RECORDS FOR THIS TASK =
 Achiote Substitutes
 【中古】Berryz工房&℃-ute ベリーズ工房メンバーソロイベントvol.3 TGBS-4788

---

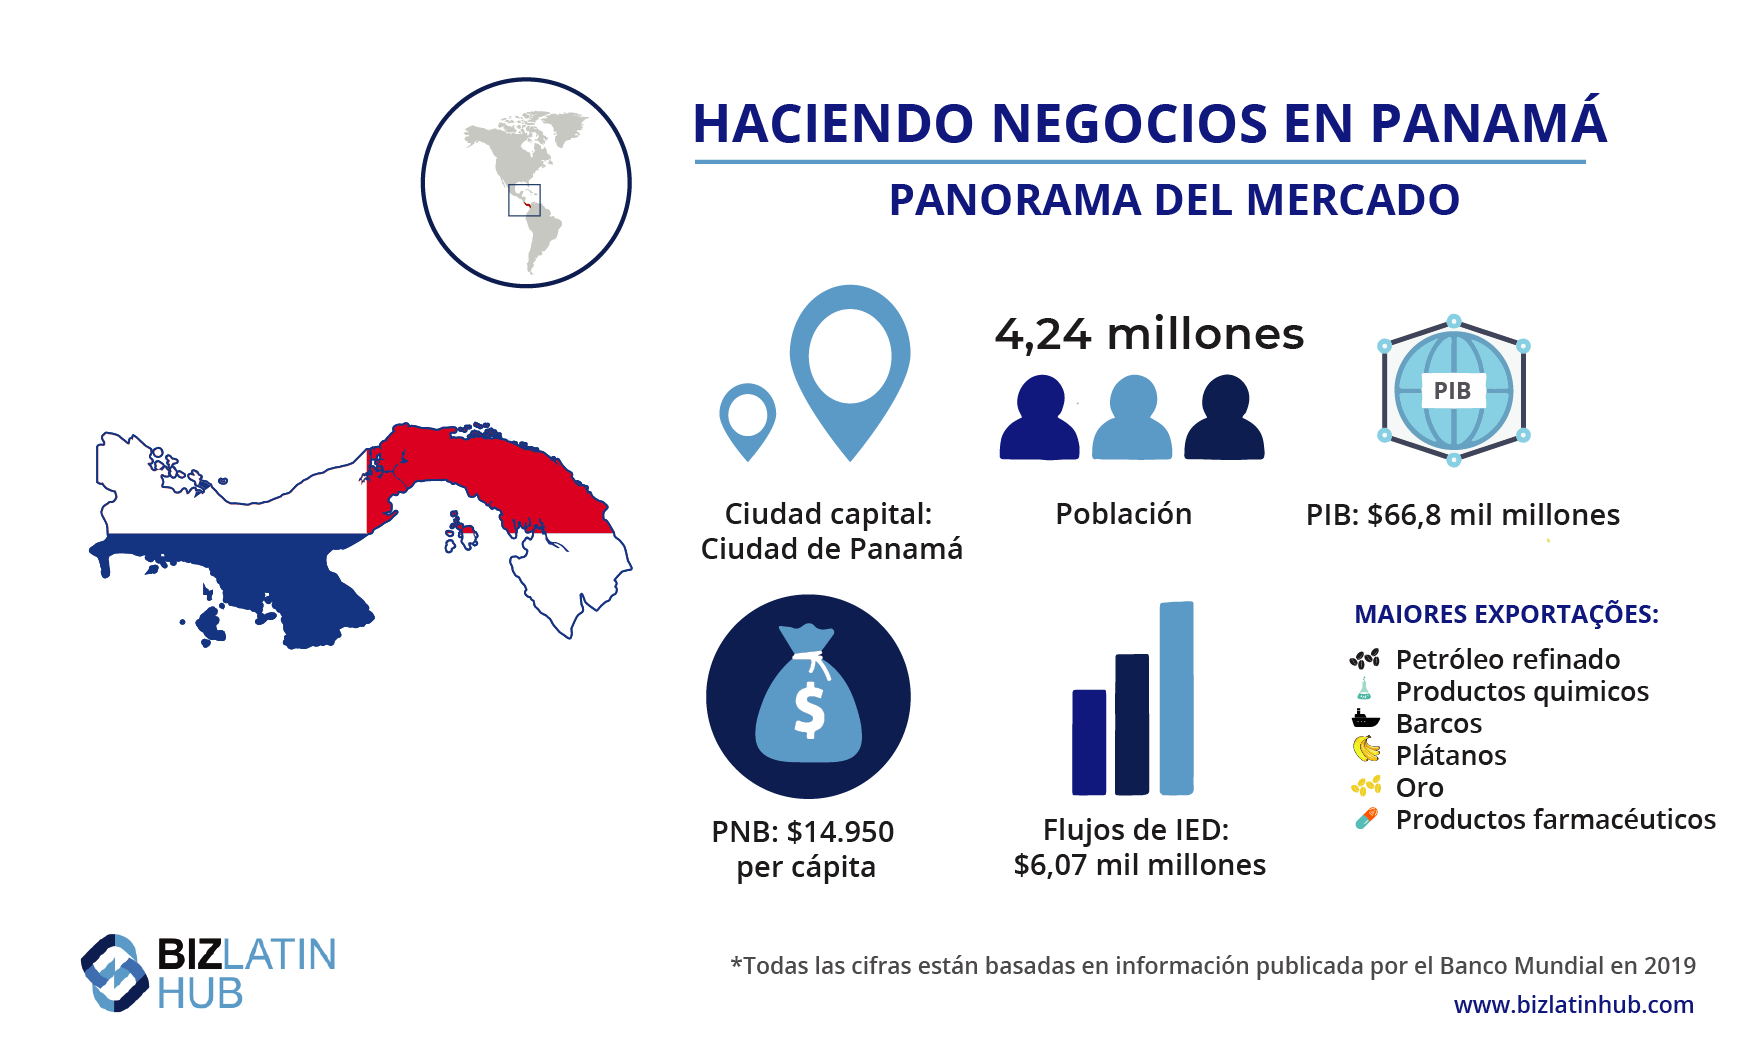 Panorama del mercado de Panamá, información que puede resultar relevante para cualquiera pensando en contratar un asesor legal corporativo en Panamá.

---

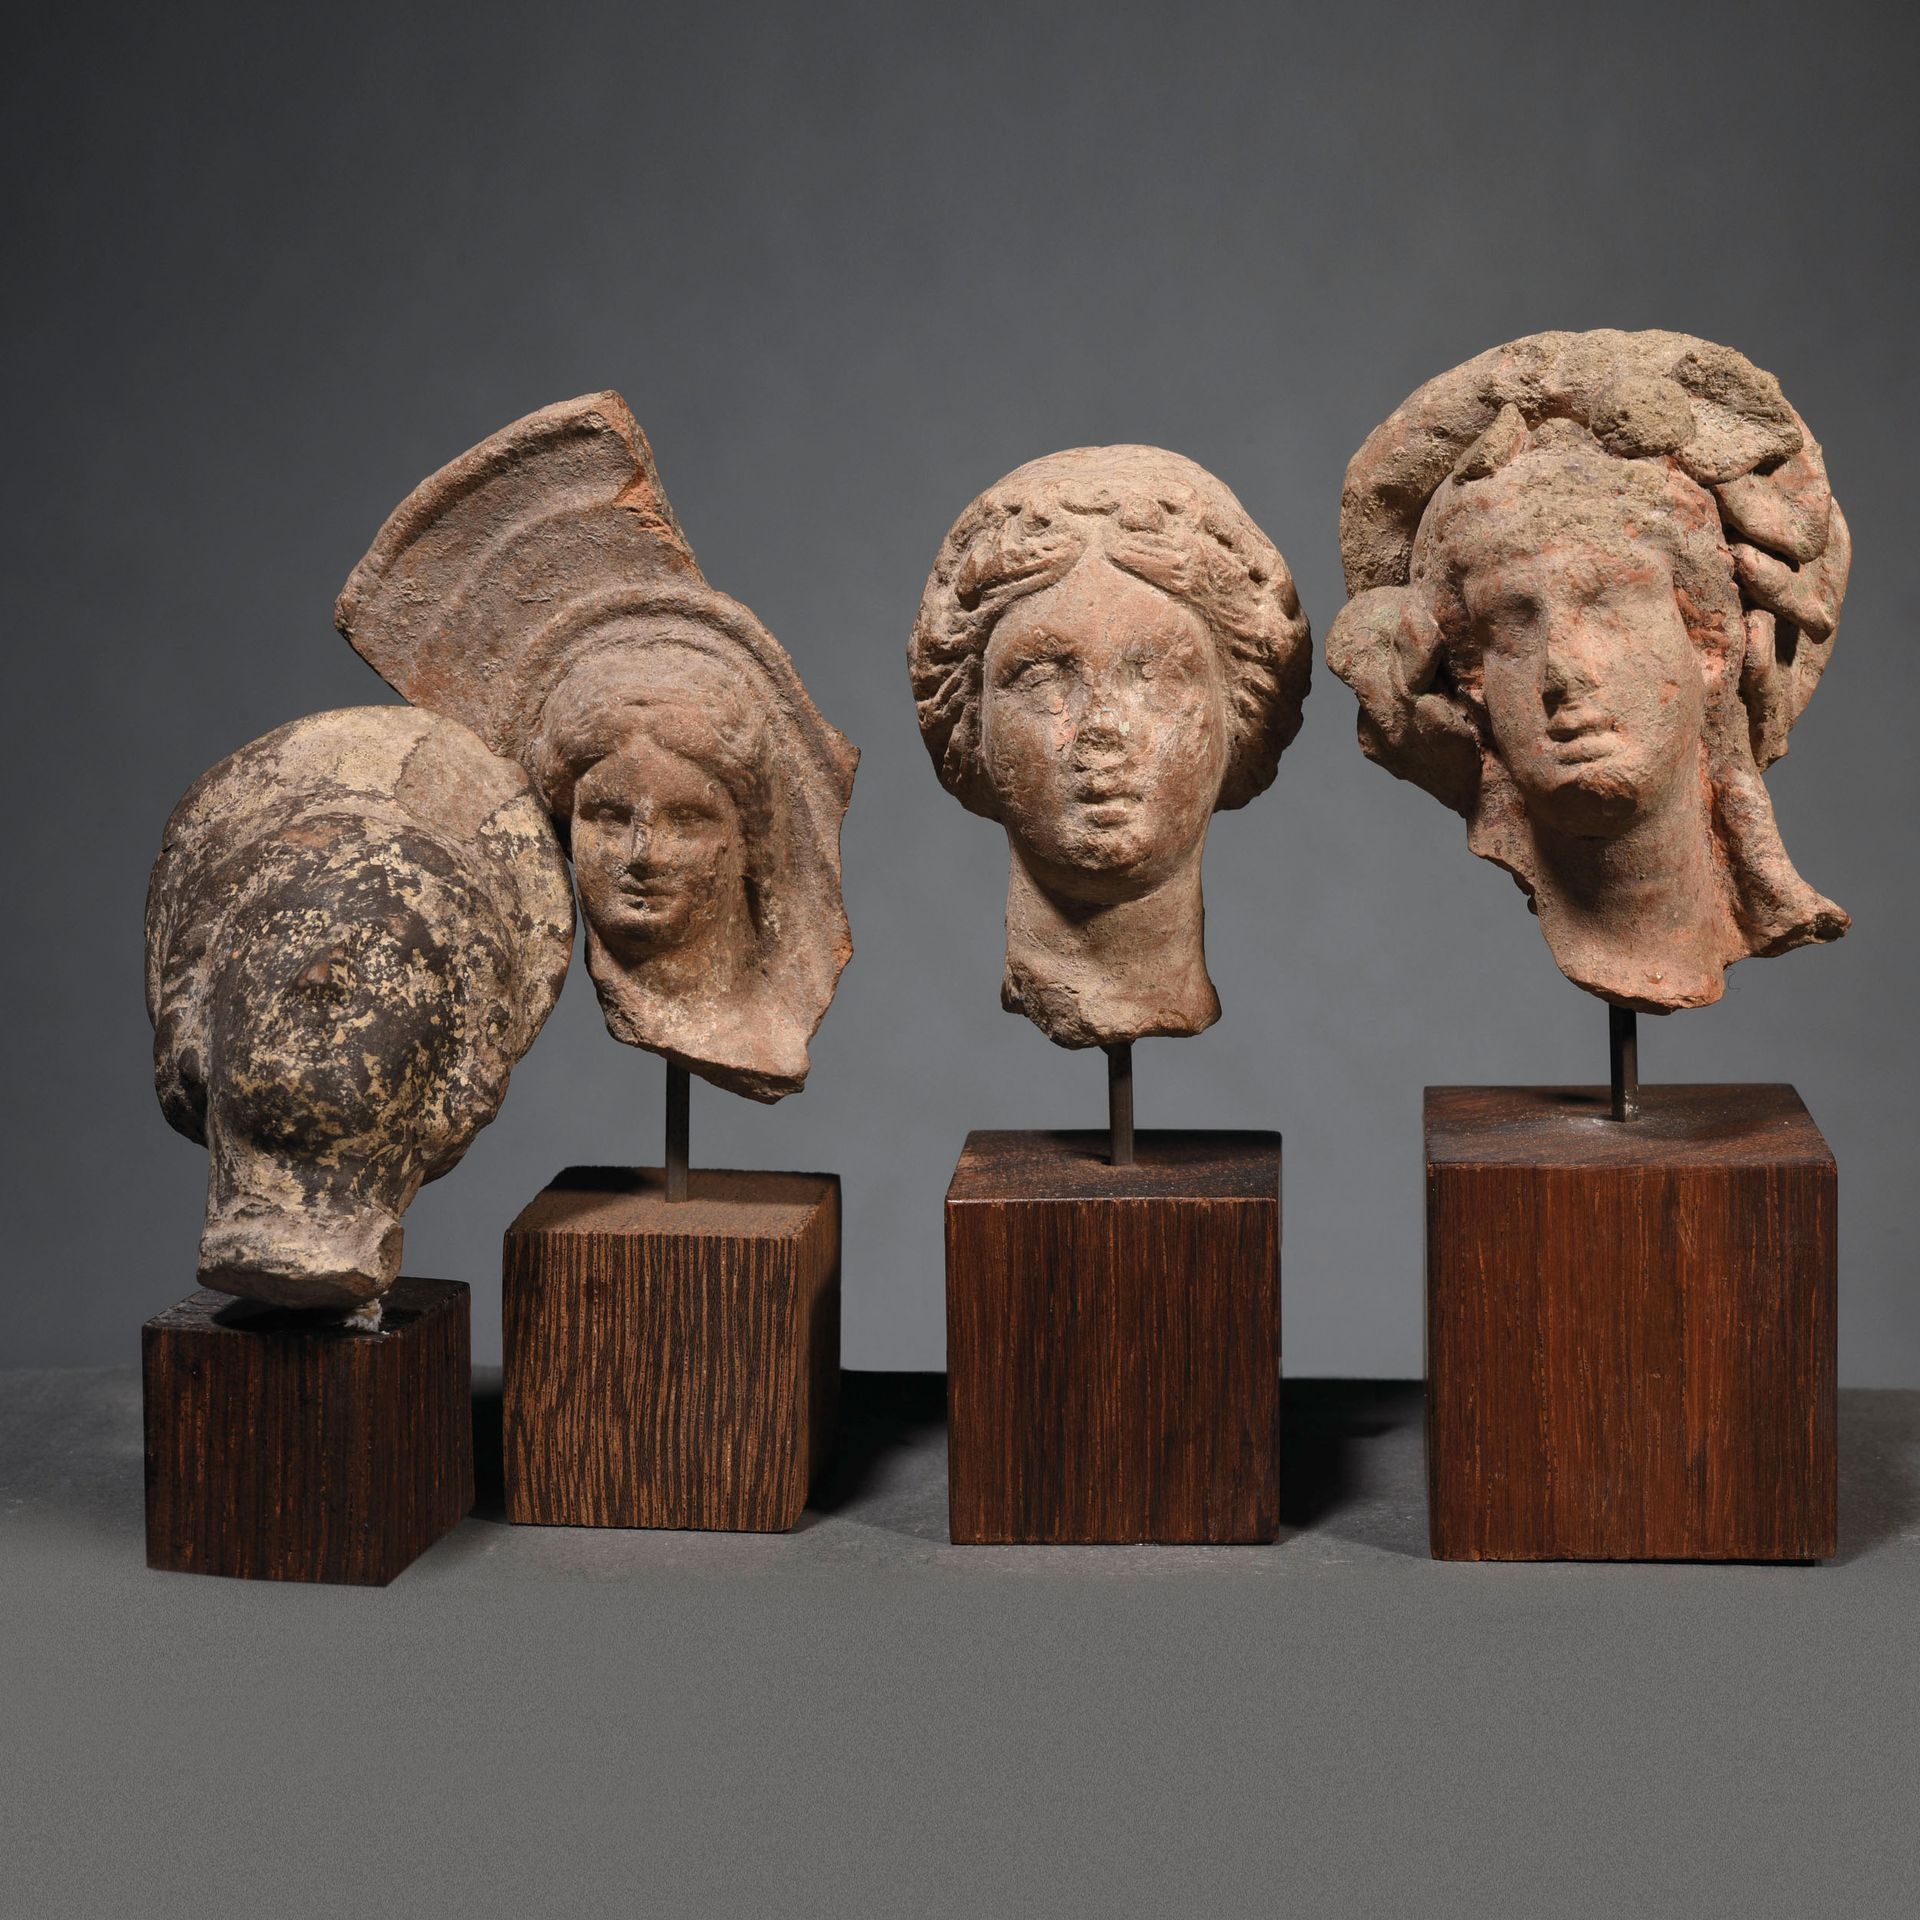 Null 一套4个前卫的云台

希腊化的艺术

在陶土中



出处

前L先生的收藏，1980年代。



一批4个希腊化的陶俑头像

WHAT IS EXPECTED =
Transcribe the lines above exactly, beginning at the one with "Null 一套4个前卫的云台" and ending at the one with "一批4个希腊化的陶俑头像". Include both; exclude the pictures.

ANSWER SPACE =
 Null 一套4个前卫的云台

希腊化的艺术

在陶土中



出处

前L先生的收藏，1980年代。



一批4个希腊化的陶俑头像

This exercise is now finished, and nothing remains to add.